(ConJur, 07/12/2015) Em distintas partes do mundo, inclusive no Brasil, muitas mulheres sofrem abusos, maus tratos e violência física e psicológica nas instituições de saúde, em especial no momento do parto, o que é muito preocupante. Por isso, 25 de novembro é lembrado como o Dia Internacional para a Eliminação da Violência contra as Mulheres.

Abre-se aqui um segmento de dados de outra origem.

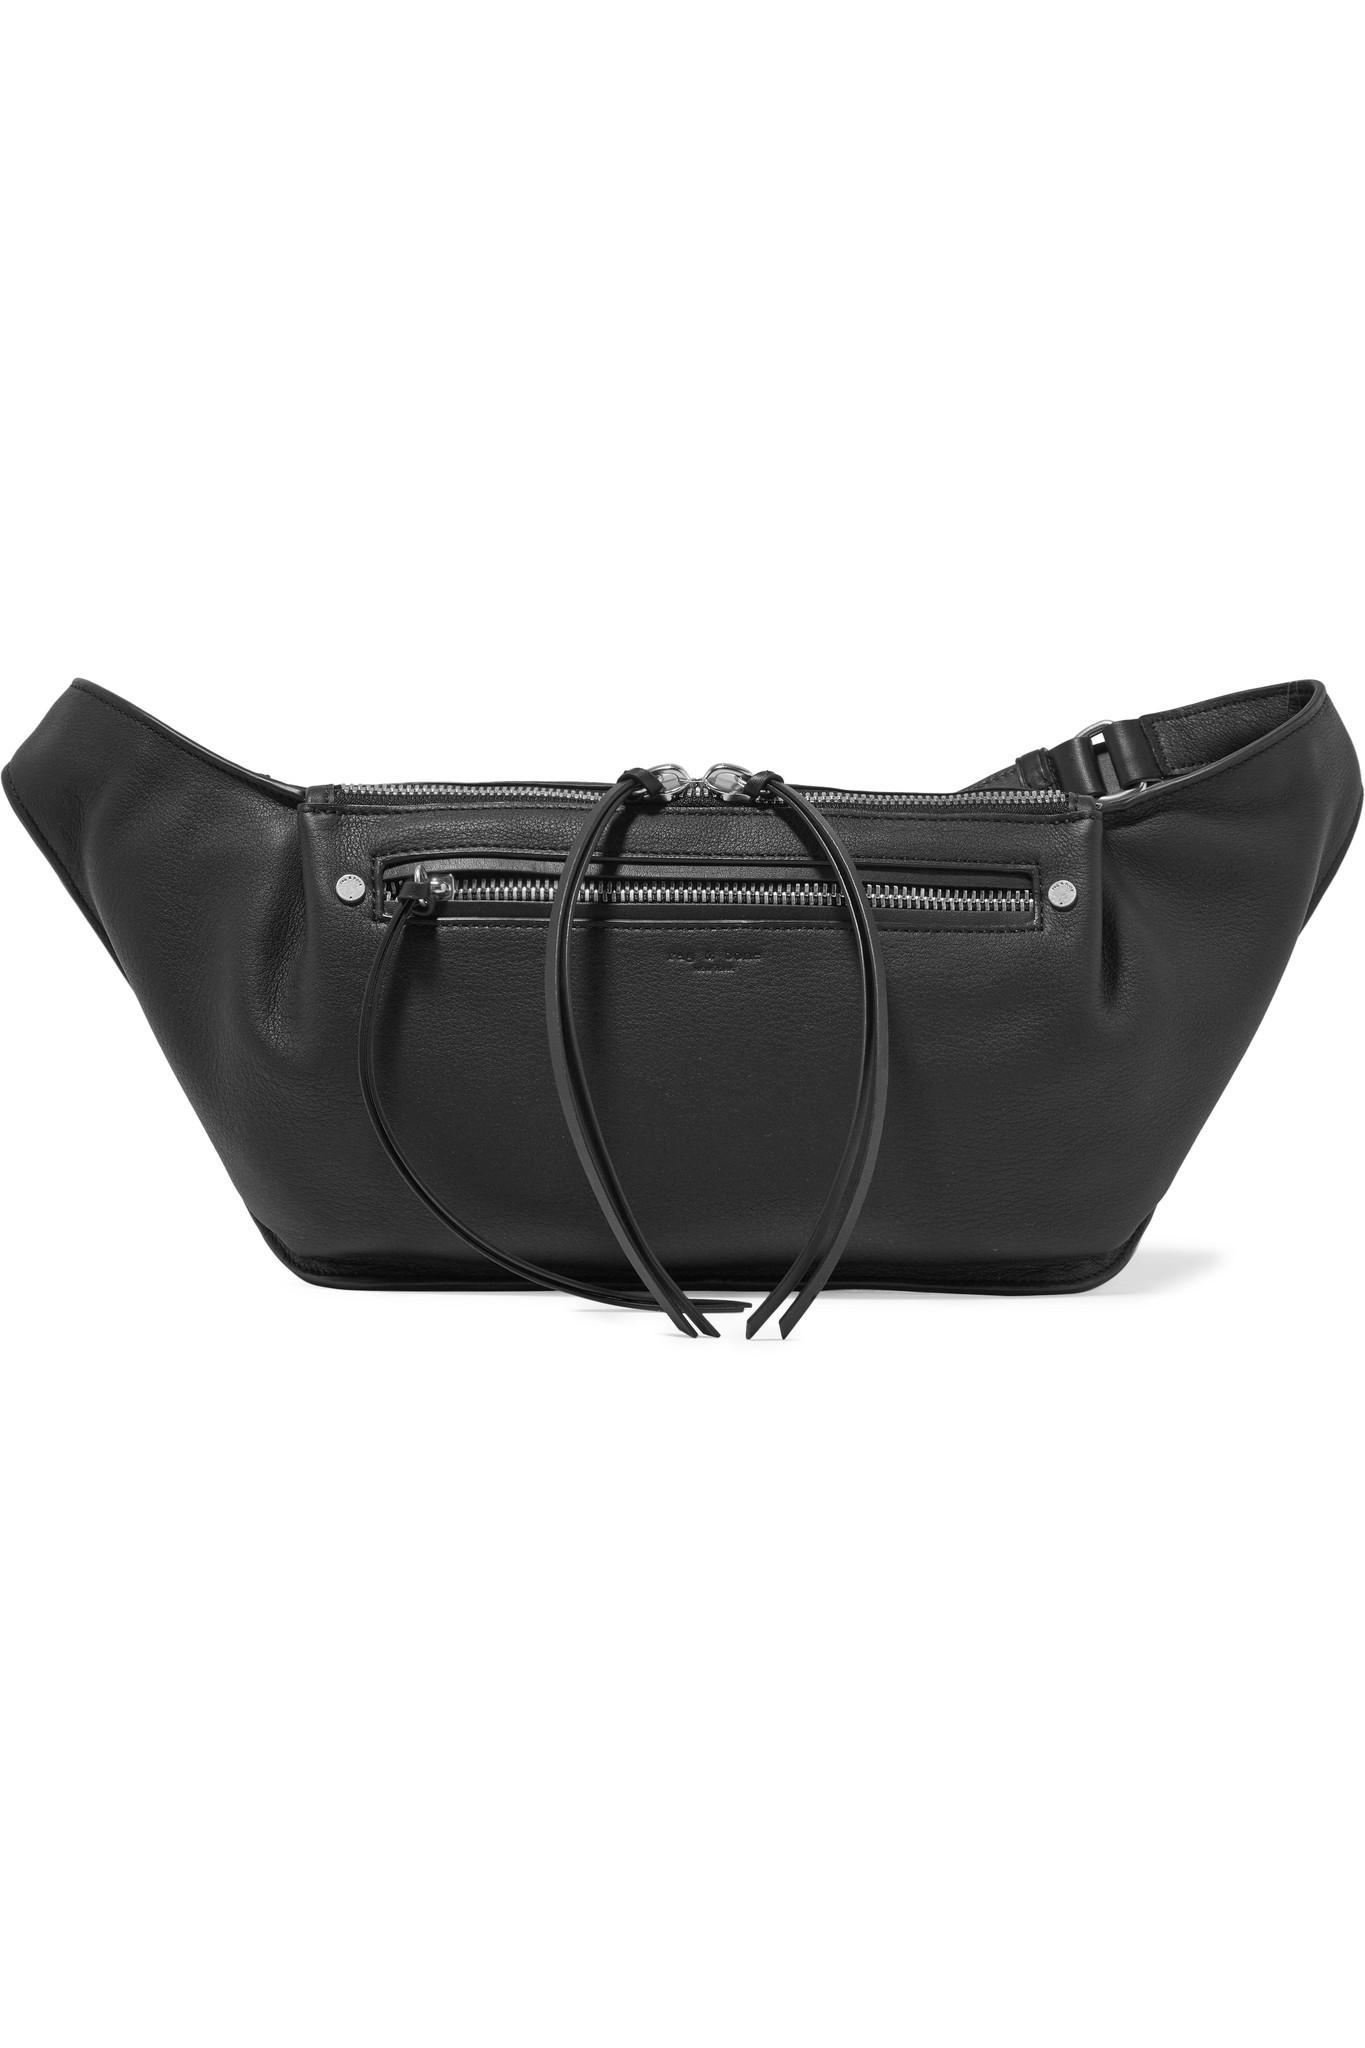 2e9036f17e18 Rag   Bone Ellis Large Textured-leather Belt Bag in Black - Lyst

Com efeito, desde a década de 1950 há debates a respeito do tratamento recebido pela mulher durante o parto. Quando existe a má qualidade da assistência à saúde no parto, violando direitos fundamentais, surge a prática da violência obstétrica. O termo violência obstétrica causa muita polêmica, sendo, através dos anos, utilizadas outras expressões para simbolizar o mesmo fenômeno, tentando diluir a força deste termo, quais sejam, direitos humanos no parto, prevenção e eliminação de abusos no parto, maus-tratos no parto ou violência no parto. Independentemente do termo utilizado é preciso dar visibilidade a esta forma de violência contra a mulher.
A questão mais delicada quanto à violência obstétrica consiste no fato de que muitas vezes as mulheres, vítimas desta forma de violência, não percebem a sua prática, pois, por uma questão cultural, o parto ainda é visto como um momento de “dor necessário”. Em outras situações, aquelas que percebem, optam pelo silêncio, mas afinal em que consiste a violência obstétrica?

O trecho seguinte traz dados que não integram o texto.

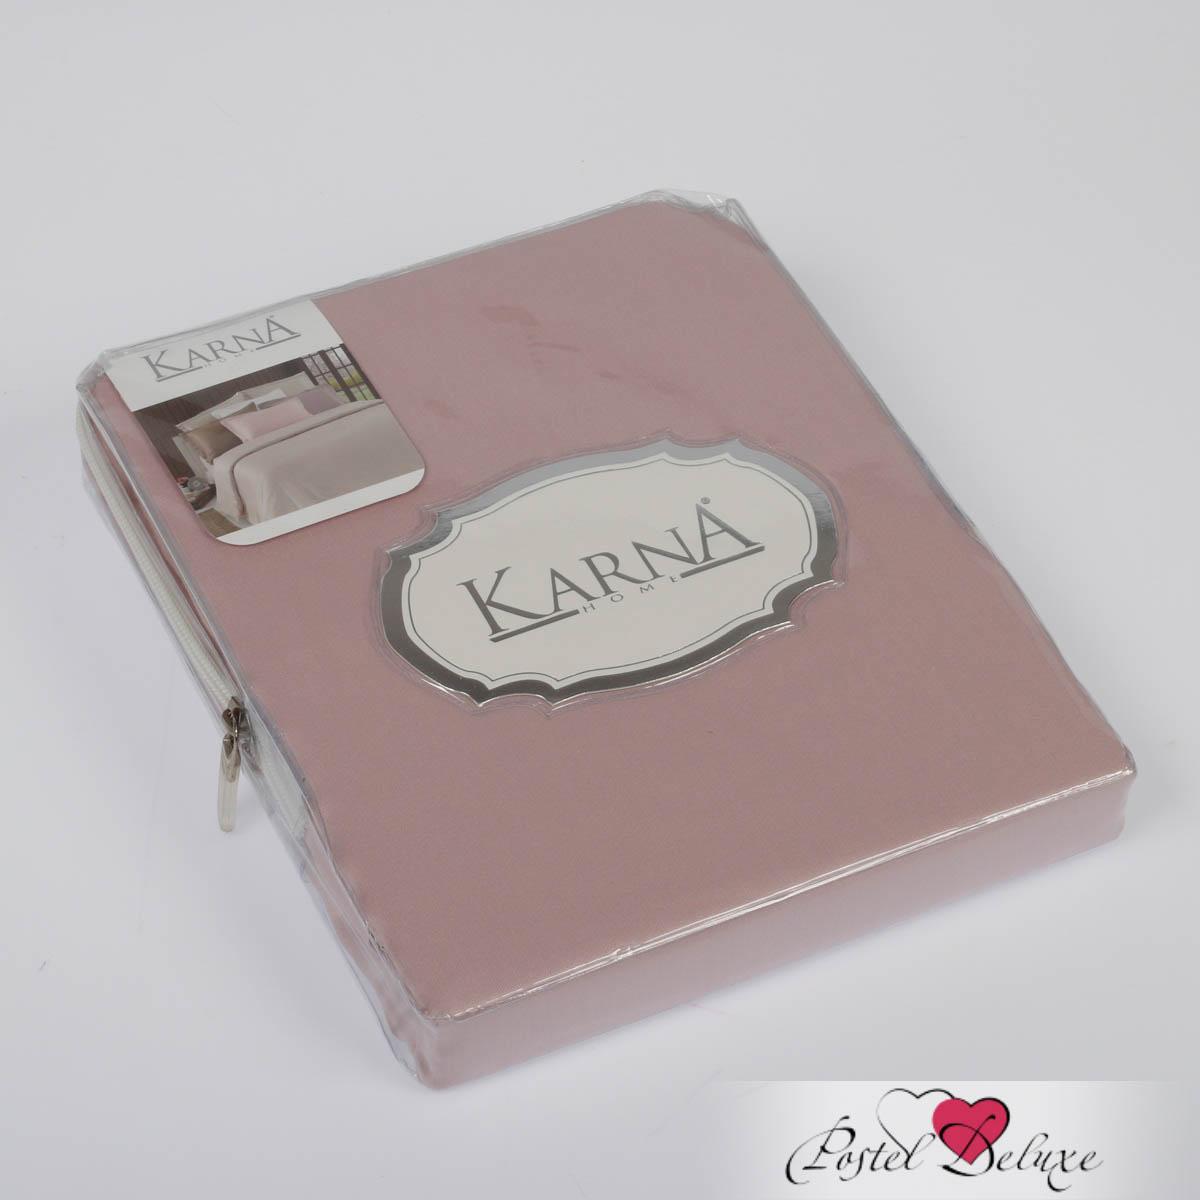 Пододеяльники Karna Пододеяльник Servan Цвет: Пудра (200х220 см) покрывало karna rose с вышивкой пудра 200х220 см

Entende-se por violência obstétrica toda ação ou omissão direcionada à mulher durante o pré-natal, parto ou puerpério, que cause dor, dano ou sofrimento desnecessário à mulher, praticada sem o seu consentimento explícito ou em desrespeito à sua autonomia. Este conceito engloba todos os prestadores de serviço de saúde, não apenas os médicos.
Pode-se definir também violência obstétrica como qualquer ato ou intervenção direcionada à mulher grávida, parturiente ou puérpera (que recentemente deu a luz), ou ao seu bebê, praticado sem o seu consentimento explícito ou informado e em desrespeito à sua autonomia, integridade física e mental, aos seus sentimentos e preferências.
No âmbito internacional, a legislação da Argentina, Lei 26.485/2009, define violência obstétrica como: “aquela exercida pelos profissionais da saúde caracterizando-se pela apropriação do corpo e dos processos reprodutivos da mulher, através de um tratamento desumanizado, abuso da medicação e patologização dos processos naturais.” Cumpre destacar que há países que tipificam a conduta da violência obstétrica, dentre outros, Argentina, Venezuela e México.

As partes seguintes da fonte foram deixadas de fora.